[TASK INSTRUCTIONS]
All pictures are to be dropped, and the remaining data set down exactly.

[DATA BLOCK]
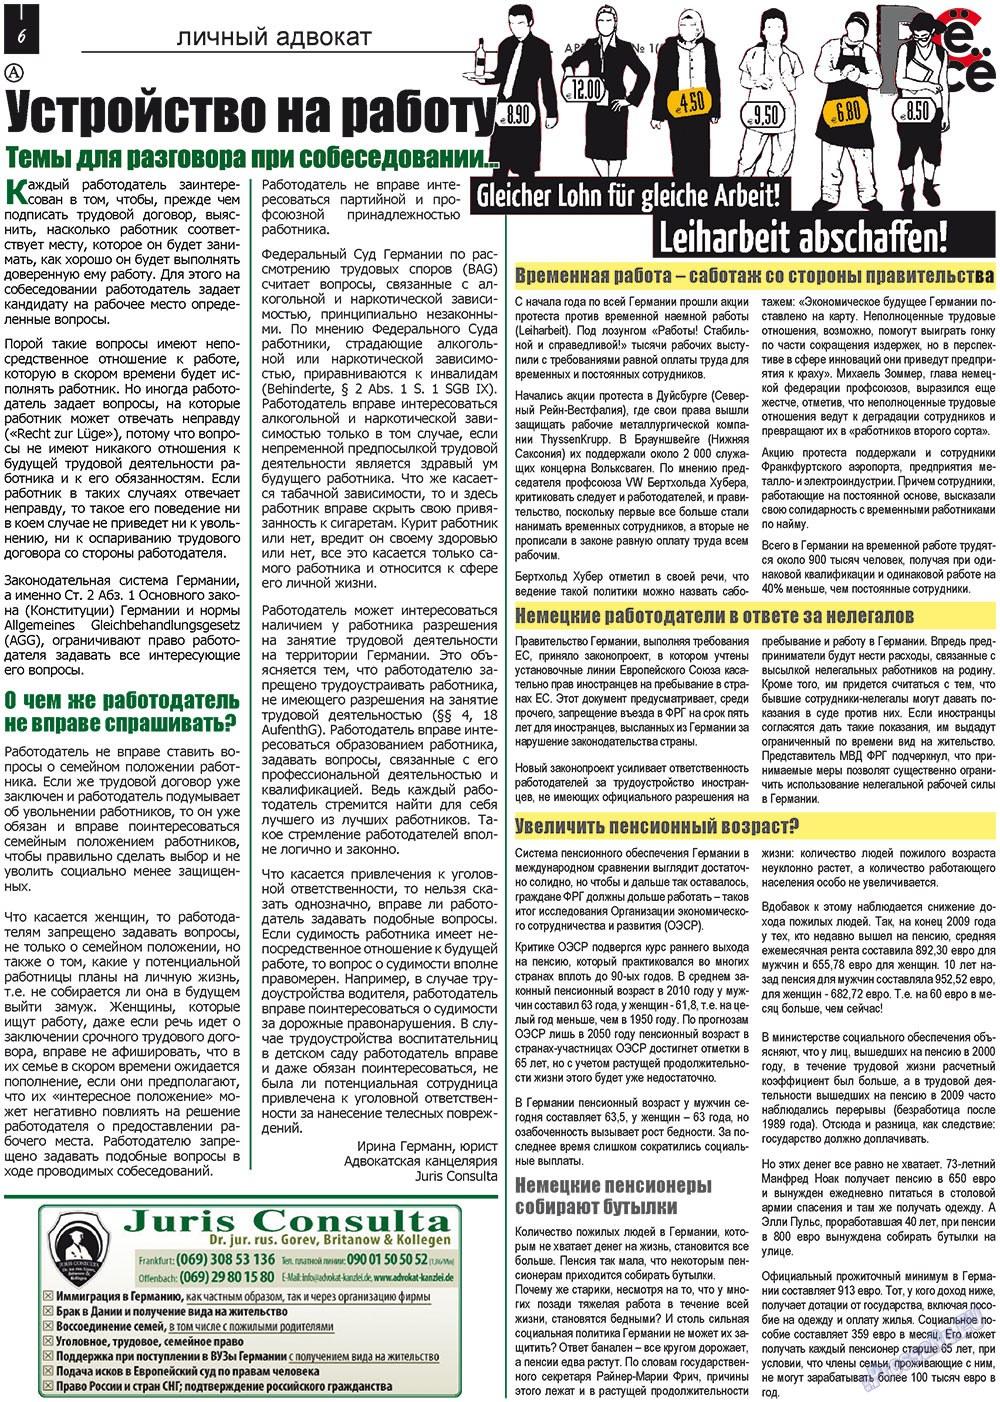 Все pro все (газета). 2011 год, номер 1, стр. 6
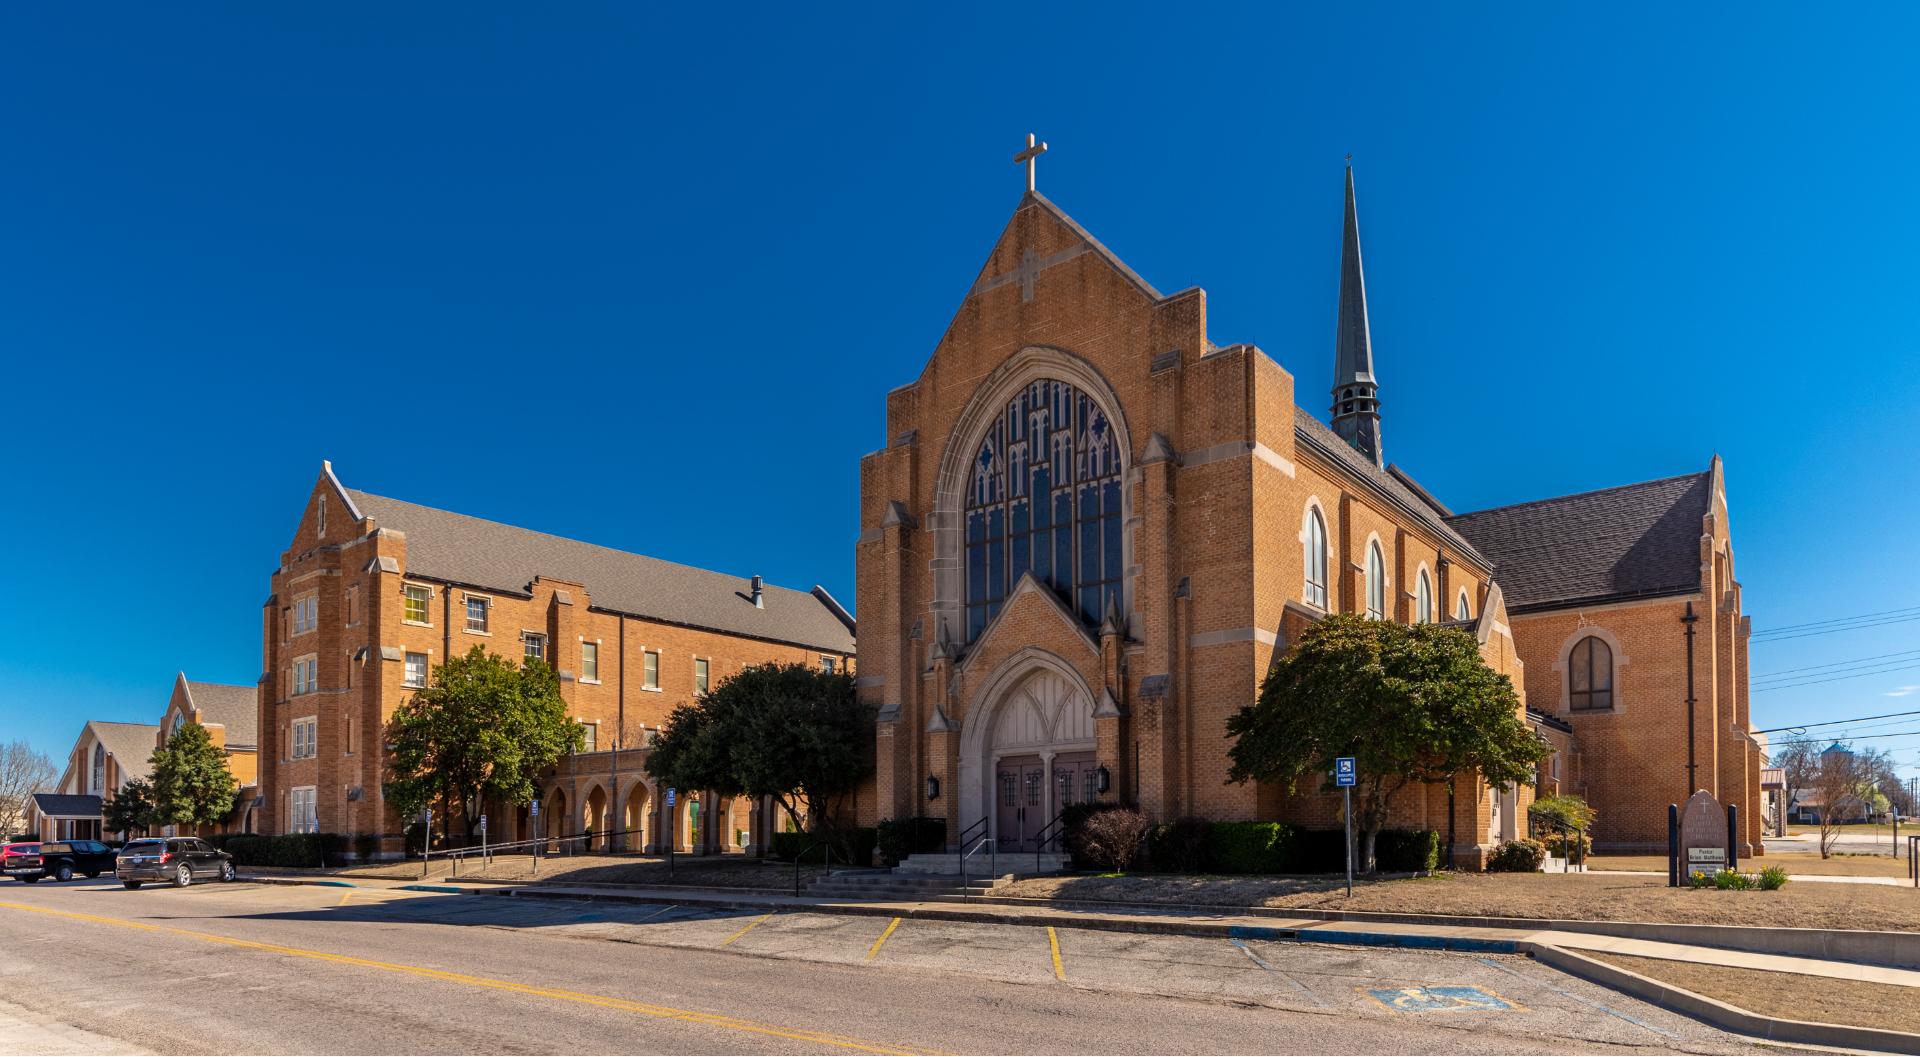 ADA church
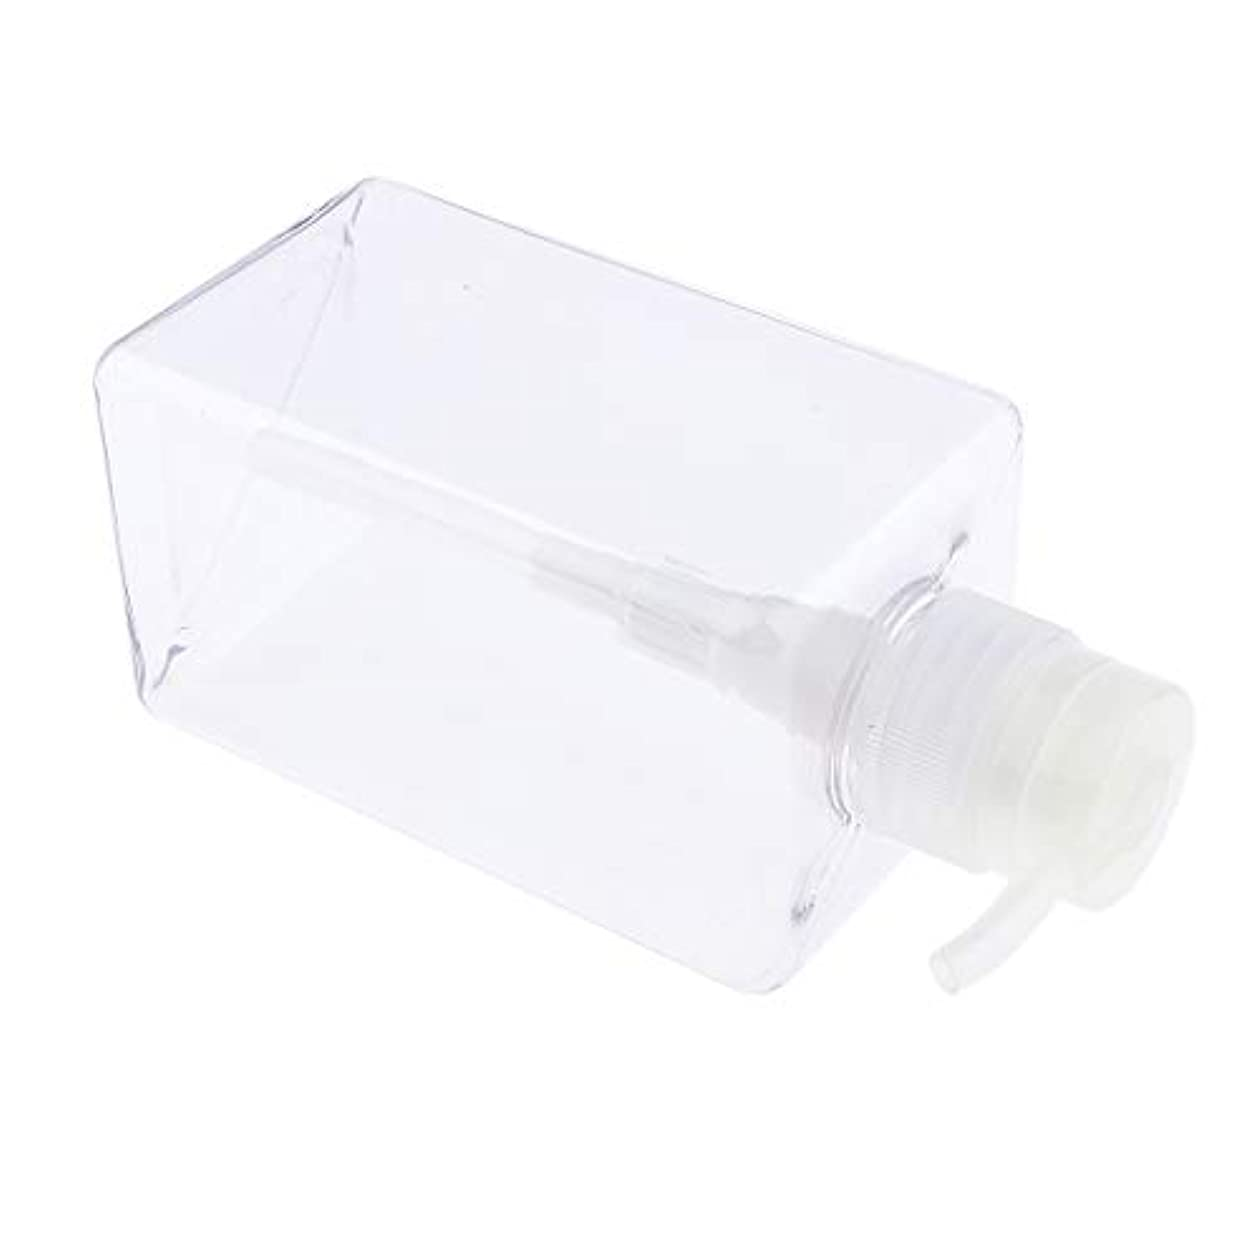 マオリ秀でる落胆したF Fityle シャンプーボトル 空ボトル ポンプボトル 詰め替え容器 450ml 4色選べ - クリア

[REPLY TO THE EXERCISE]
 Все pro все (газета). 2011 год, номер 1, стр. 6
 ADA church
 マオリ秀でる落胆したF Fityle シャンプーボトル 空ボトル ポンプボトル 詰め替え容器 450ml 4色選べ - クリア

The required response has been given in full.